Higher speeds require more powerful motors, and normal size car roofs are not large enough to accommodate panels to fully power for example a 10 kW motor even in the summer at this latitude (29.3 m² is the panel area needed for 10kW with the ideal 95% efficiency panel). One would definitely never be able to power directly by solar panels a Tesla S car that has a 290 kW motor (over-dimensioned mainly to achieve an extra high acceleration).

 

More practical solution is to use roof-top panels as an auxiliary energy source together with batteries that are being charged between trips from other sources. Many groups have been working on this concept for some time. Since 1987 there has been an annual 3000 km Darwin to Adelaide (route going through another sunny desert) solar car race “World Solar Challenge”, http://goo.gl/KOXgJi. Competitors can still fully charge their vehicles from the grid before the start, and in some categories also in the middle of the race.

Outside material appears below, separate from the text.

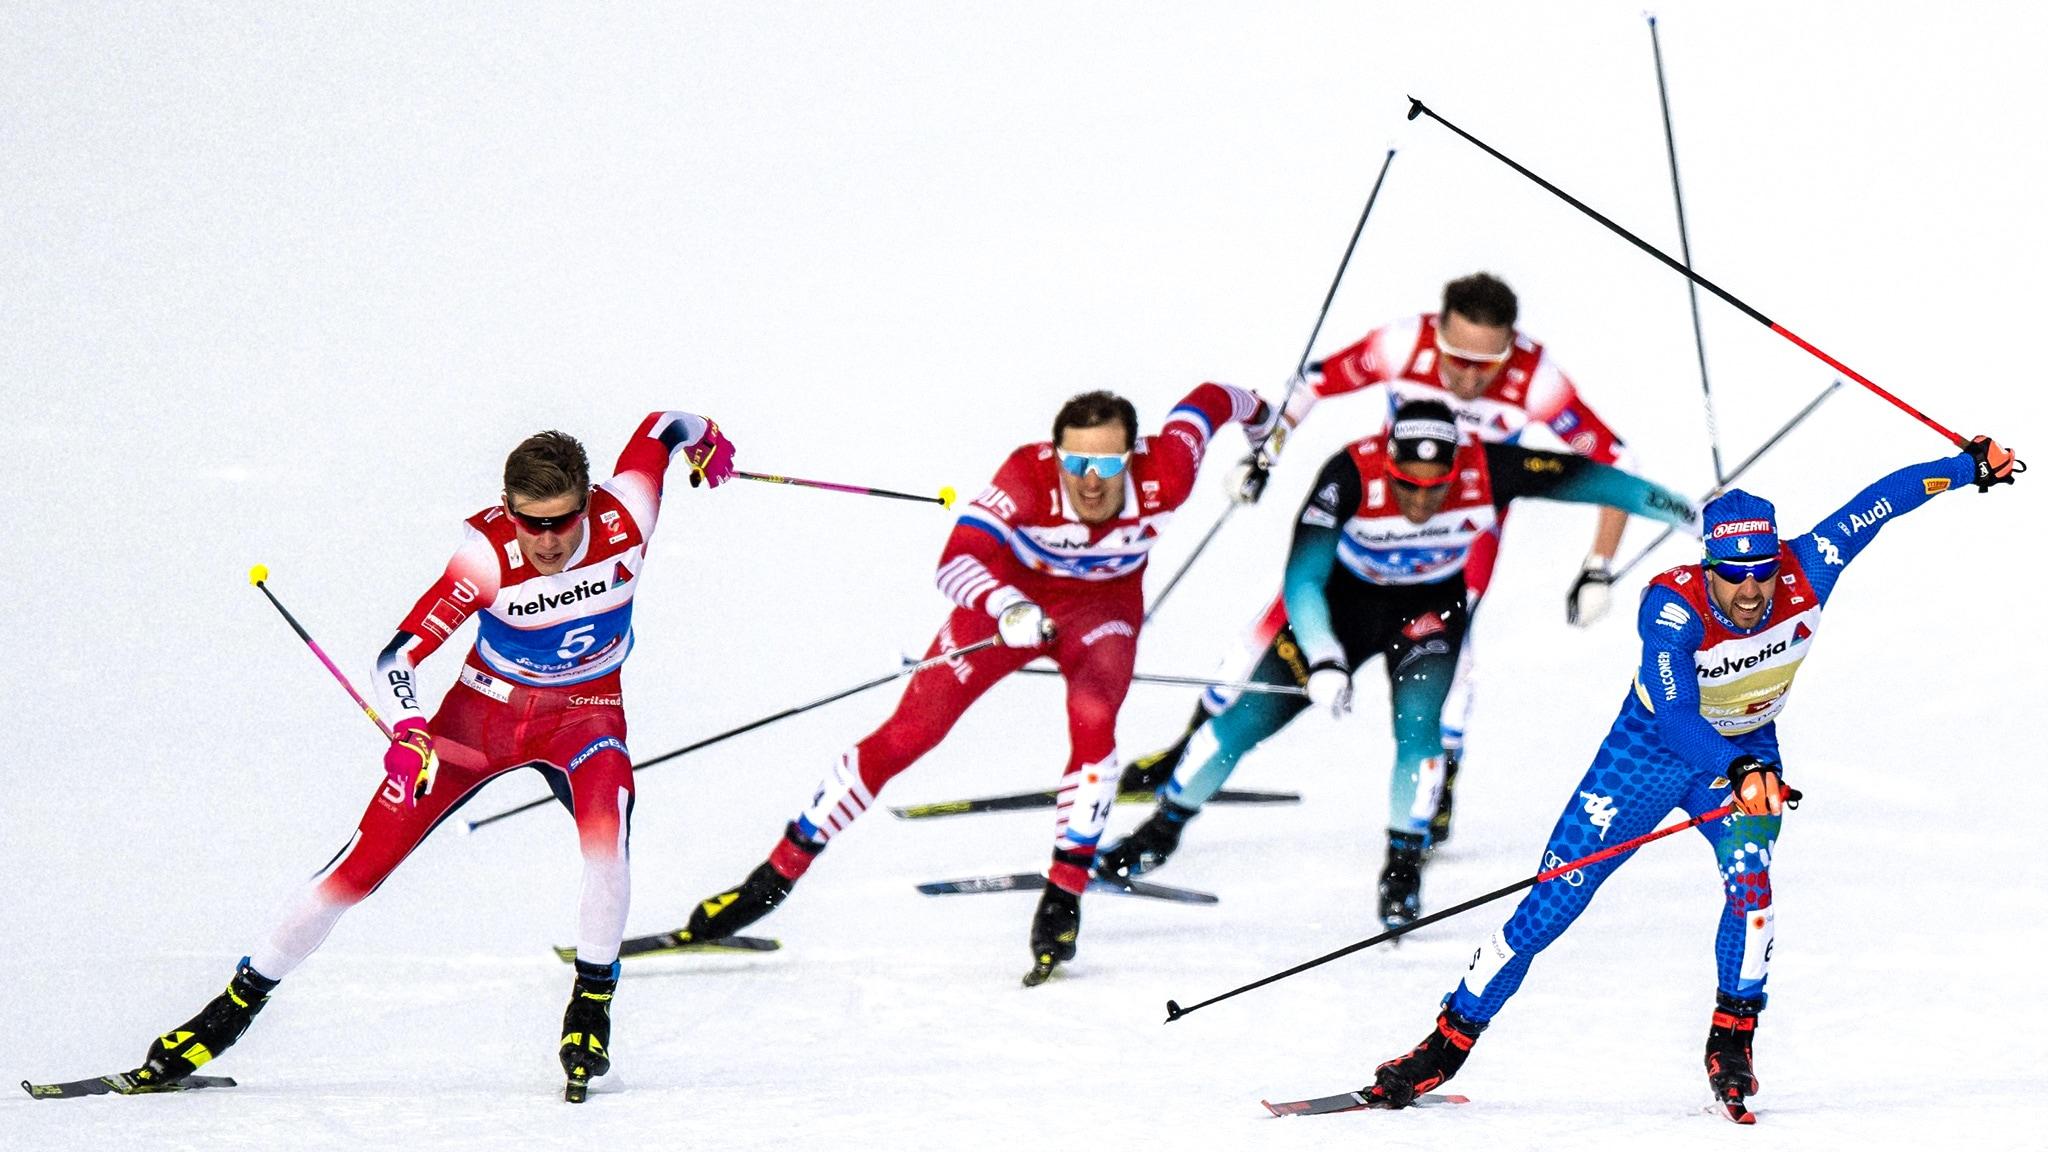 Rai Sport+ HD Campionati Mondiali Sci Nordico :Sci Di Fondo 30 Km C mass start - CC-Femminile

Ford CMAX Solar car has a 1.5 m² 300 W panel, and Ford is working on an interesting solar light concentrator to charge this car through its roof panel between the trips: https://goo.gl/zn27ek.

Honda has been testing a solar charging station for its electric vehicles since 2010 (a six hour solar charge is needed for a160 km drive).

 

One of the first demonstrations of a solar-powered car was in 1960 when an 1912 Baker electric car was fitted with then available solar panels: https://goo.gl/BZadJT. In this experiment 10 hours of solar charging enabled one hour of driving at 32 km/h.

 

SOLAR TRAINS?: Train is my favourite means of transportation that I miss in Western Canada, and so I was also interested to find how much solar power can be harvested from the roof of passenger trains and how it compares with their power needs. I did it for three cases for which I could quickly find all relevant specifications. All panel areas below are again based on the ideal 95% panel efficiency.

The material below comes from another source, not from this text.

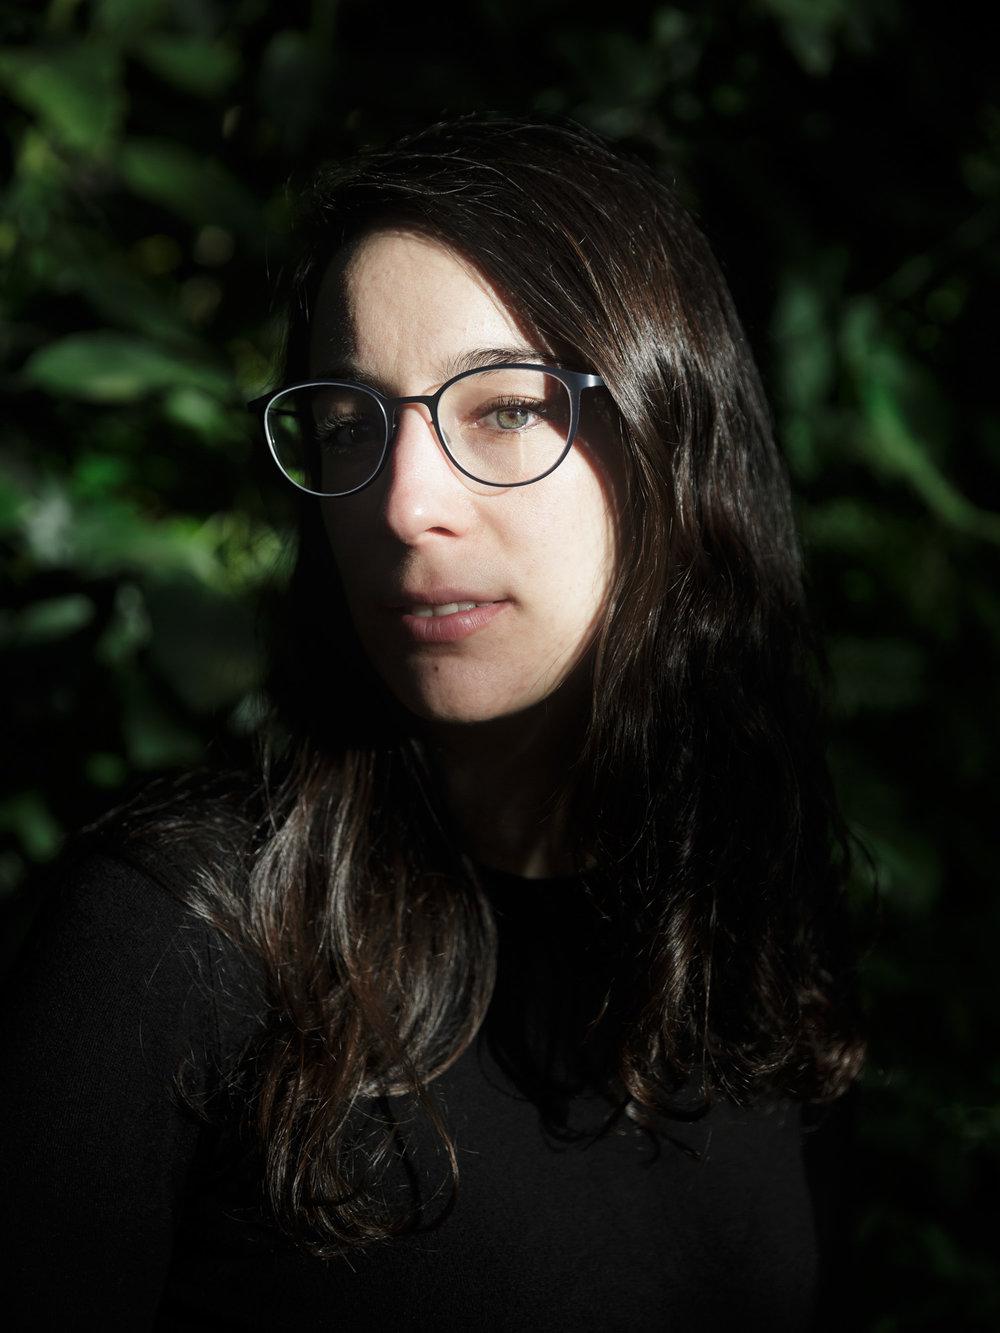 Océane Dayer, fondatrice de Swiss Youth for Climate. Janvier 2019.

Amtrak18 coach electrified train: The coaches are 85 feet long, roof area of one coach is about 78 m². This area would collect about 20 kW of solar energy on average throughout the year (78 divided by 3.82 of the last table; maybe a bit more than 20k as it operates south of us). The electric locomotive is somewhat shorter, and so its roof could harvest another about 15 kW. That would give a total of 375 kW  for the whole train, which is just a small fraction of its present locomotive's power input of 6,400 kWh. Such high power is needed to accelerate the train to 200 km/h in less than 8 minutes.

British Rail Class 466 Networker: Two coach electric multiple unit (EMU) with top speed of (only) 120 km/h.  The total roof area of both coaches is 117 m², collecting thus on average about 31 kW (assuming similar insolation in Britain as here). There is just one motor in the whole unit, rated 600 kW, which is again much bigger than what the panels could ever in the future provide.

Liverpool Overhead Railway (historic). Built in 1893, it was using the first ever built EMUs. Each lightweight coach had one motor with power input of 45 kW  (initially; over the about 60 years of operation of this railways, the motors were replaced by more powerful ones, first a 52 kW, then a 75 kW). Roof area of each coach was 42 m² and could thus collect on average about 11 kW, still only a 1/4 of the motor power. Even for such a simple, light-weight, slower train, solar panels would never be sufficient.

The conclusion: solar panels on train roof-tops could only be an auxiliary power source for trains. The main solar generating stations (best in combination with wind turbines for night travel, unless cheap storage of solar electricity is available) would have to be put on the ground along the tracks. For this, all the tracks need to be electrified, as already done in Europe, except for some local routes.